**Action item**
I'd like the entire listing output verbatim, apart from the pictures.

(Information supplied begins)

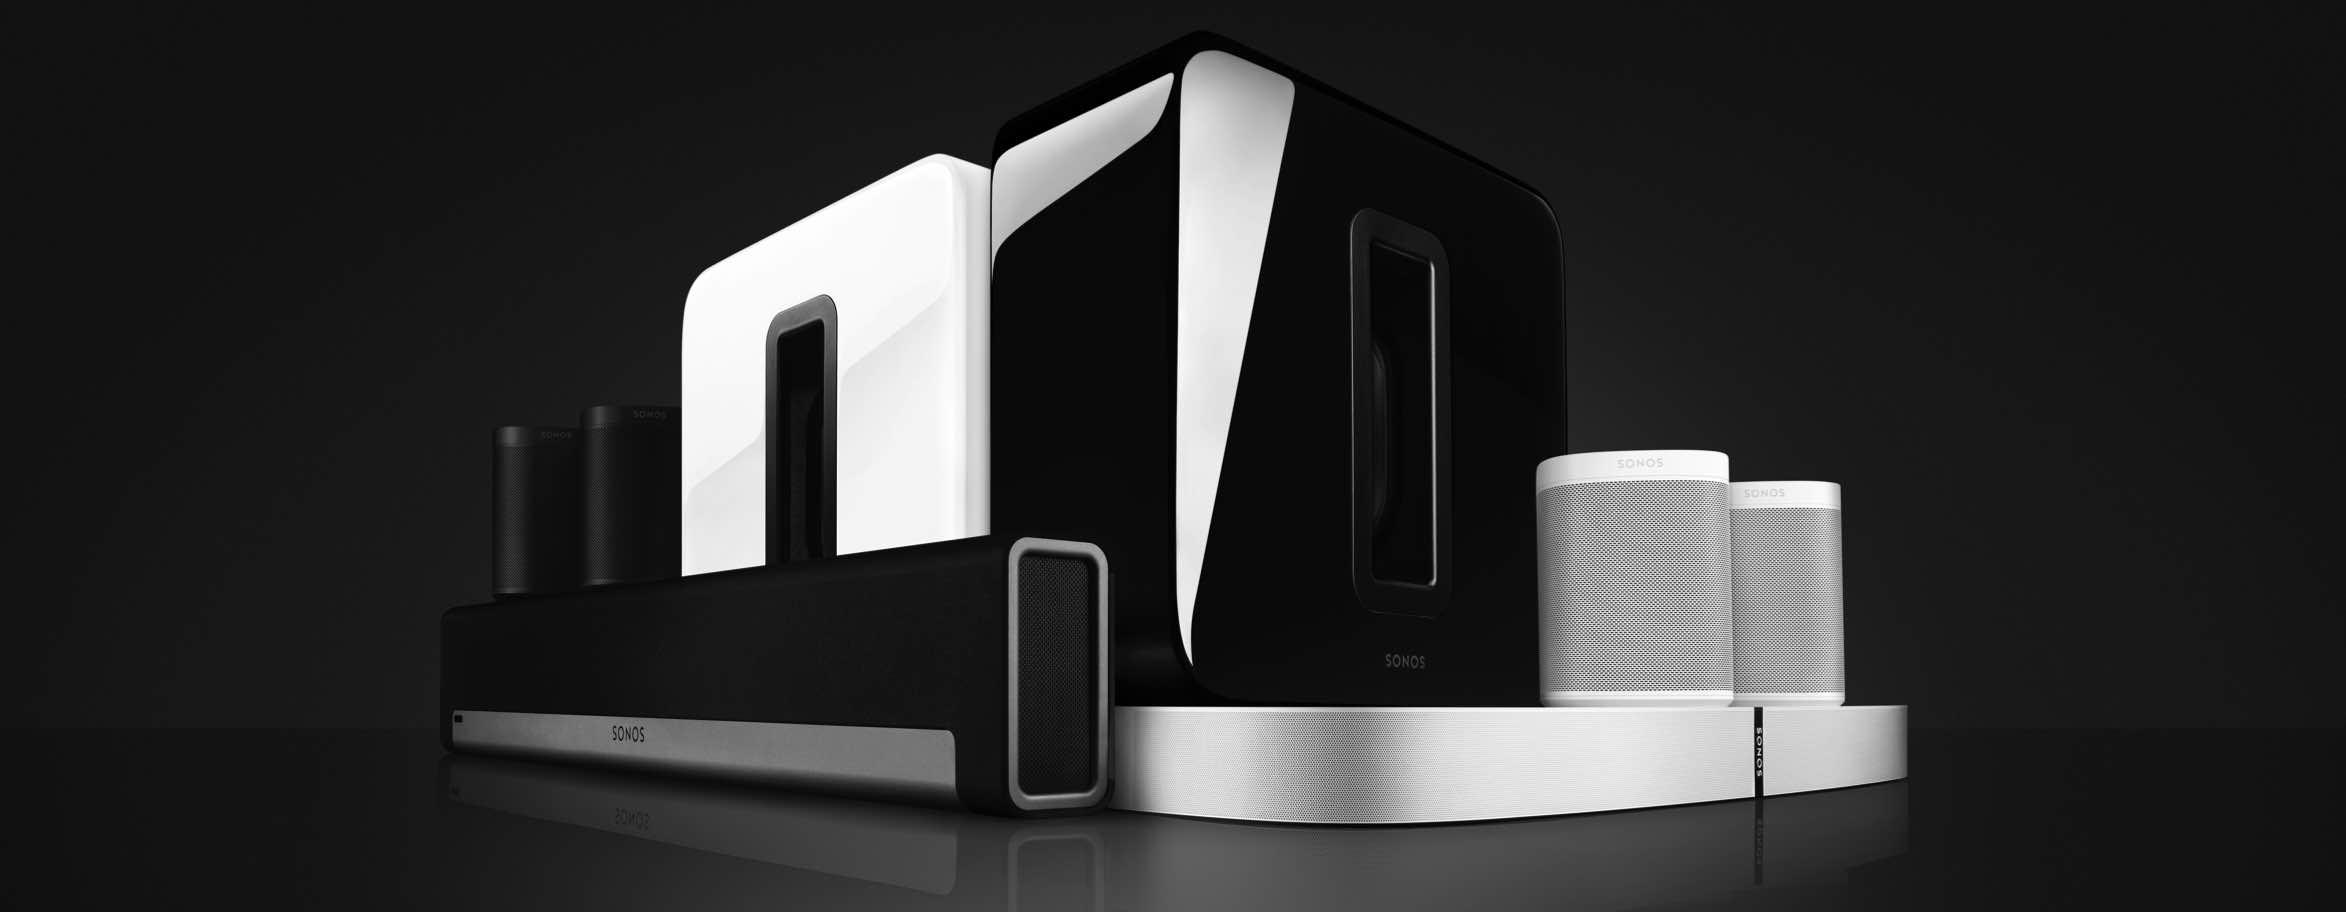 Sonos multiroom speakers
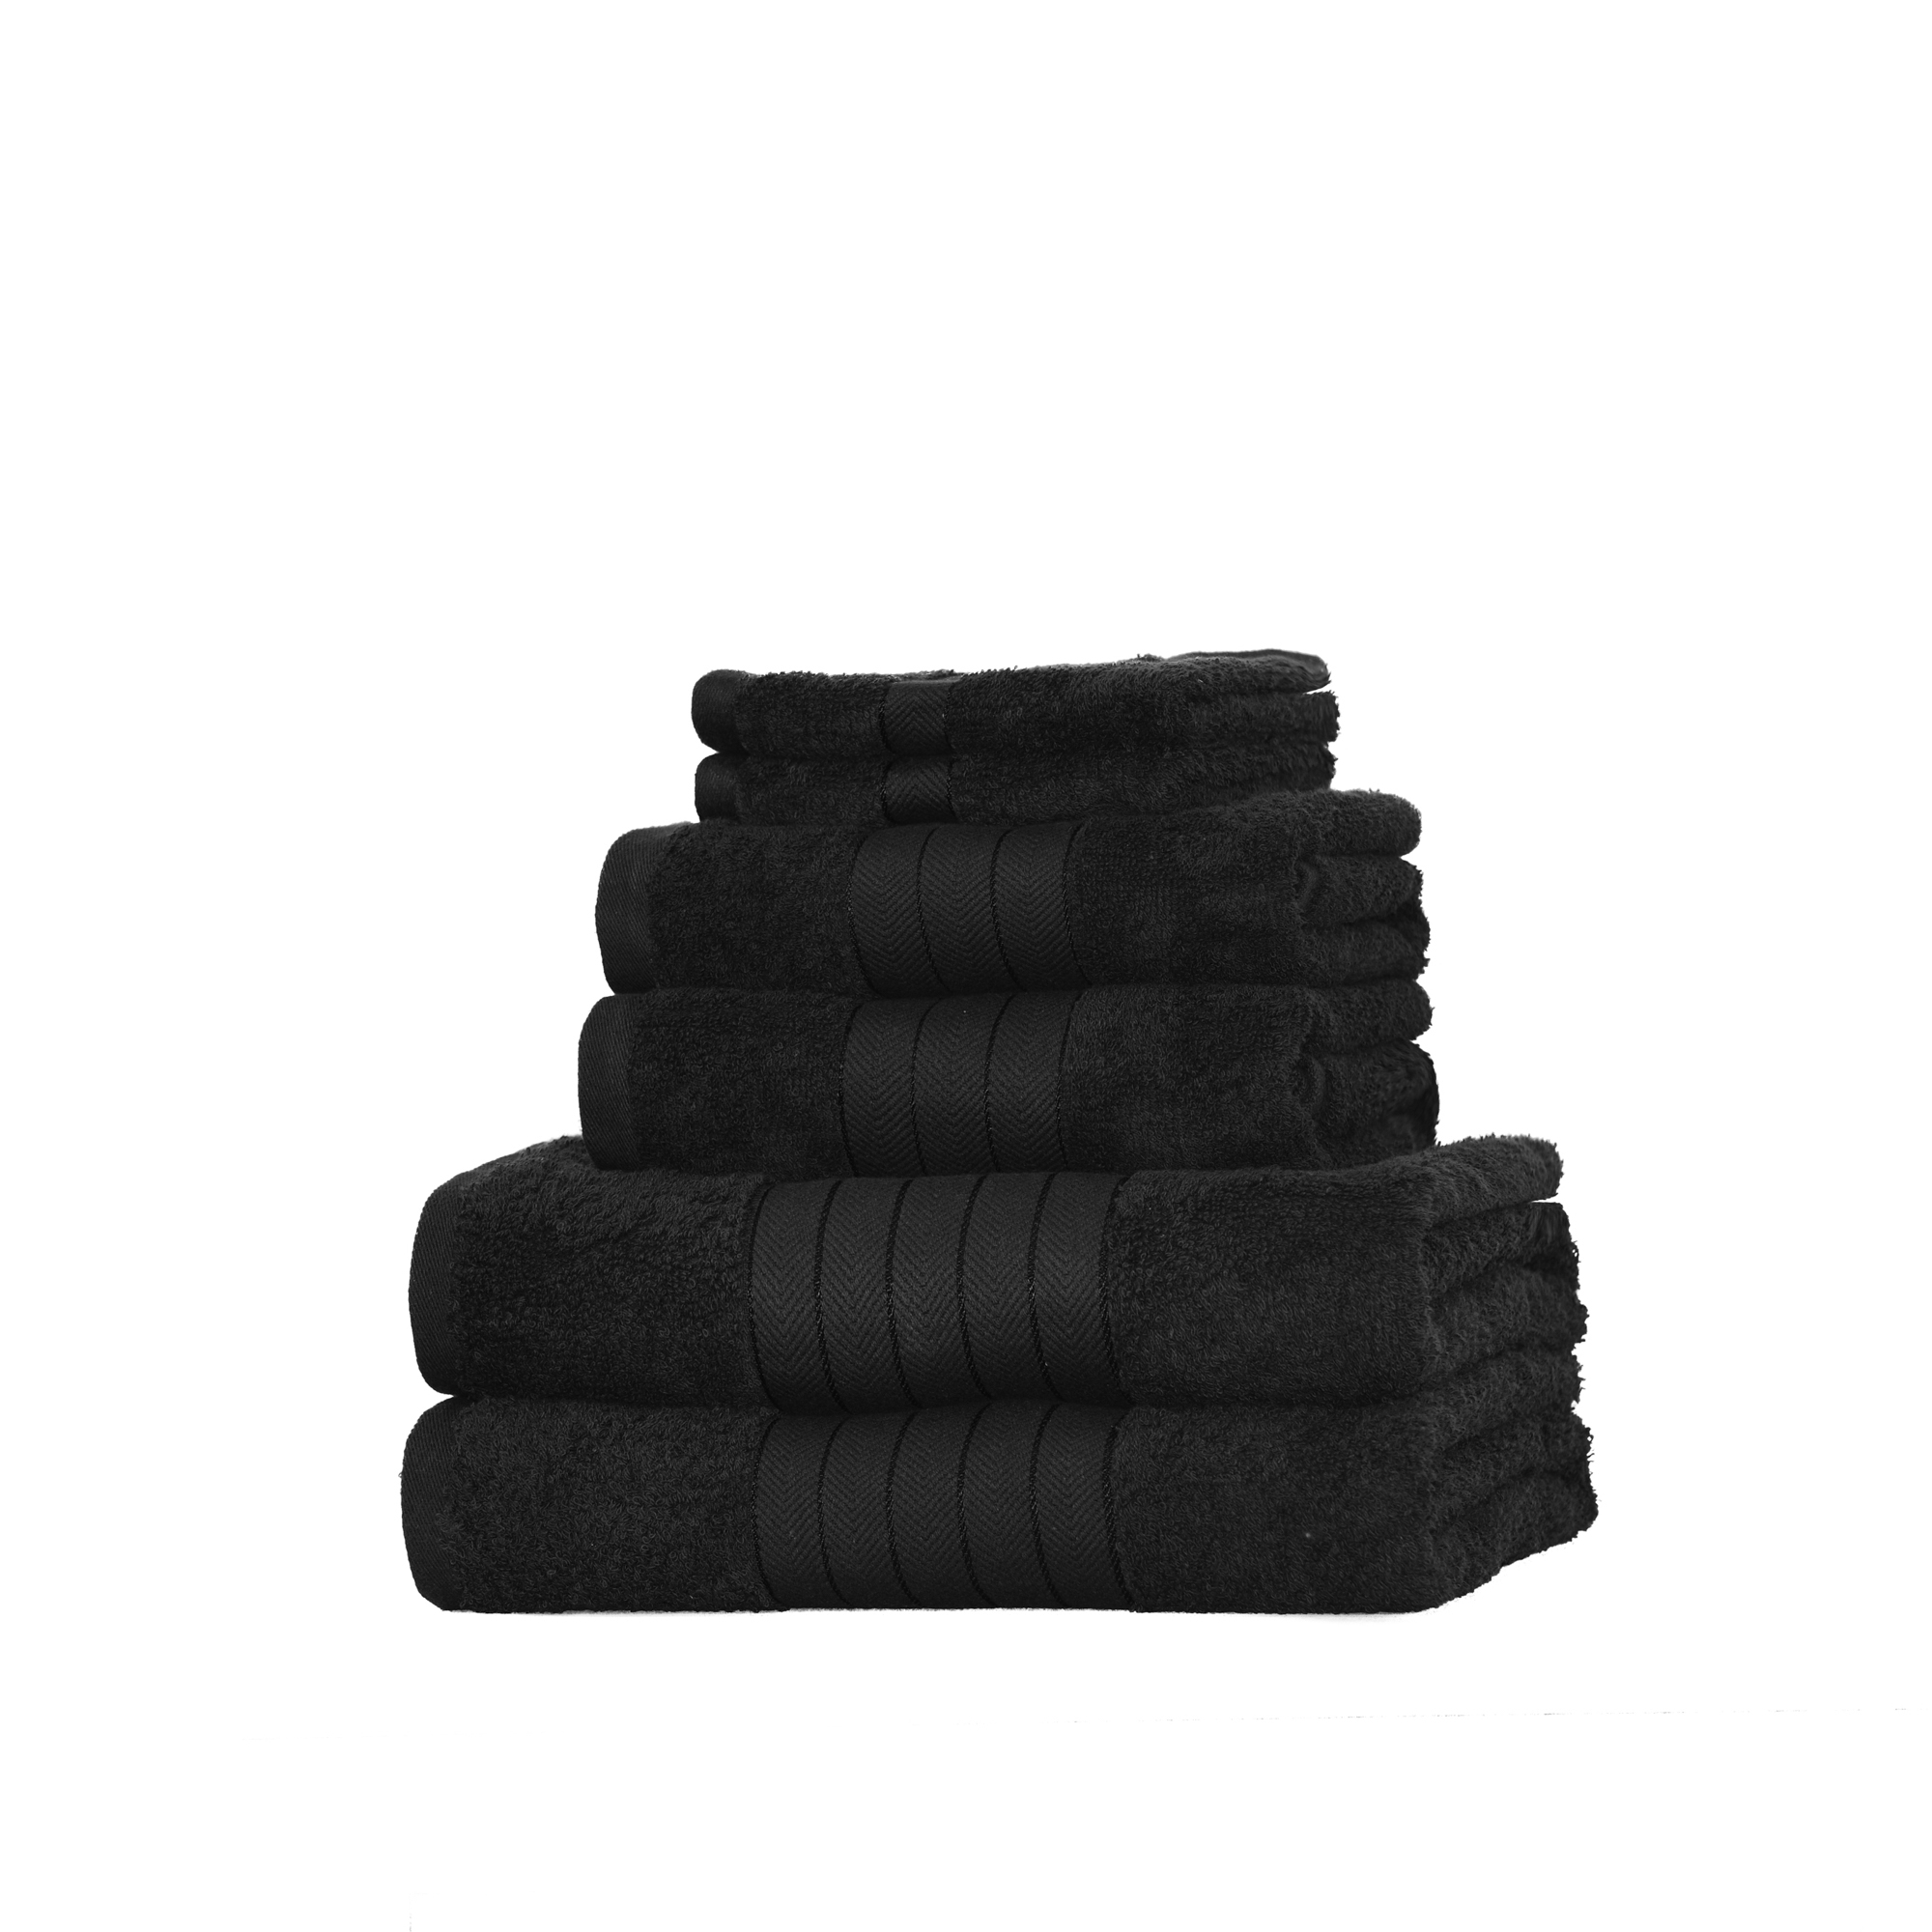 Dreamscene-Luxury-100-Cotton-Face-Hand-Bath-6-Piece-Bathroom-Towel-Bale-Set-NEW thumbnail 49
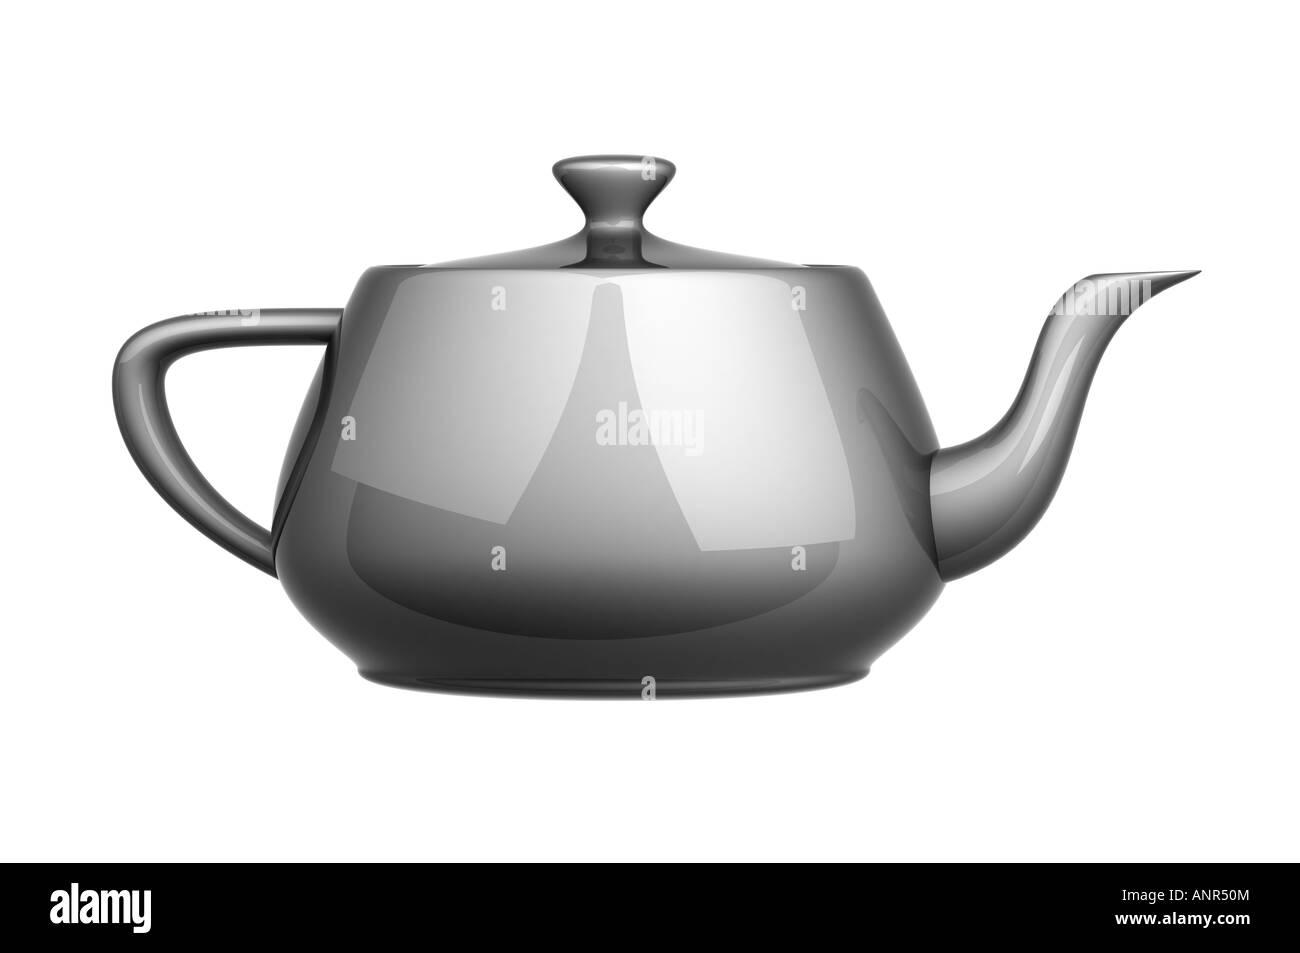 Tea pot kettle - Stock Image

(Information supplied ends)

**Answer for the task**
 Sonos multiroom speakers
 Dreamscene-Luxury-100-Cotton-Face-Hand-Bath-6-Piece-Bathroom-Towel-Bale-Set-NEW thumbnail 49
 Tea pot kettle - Stock Image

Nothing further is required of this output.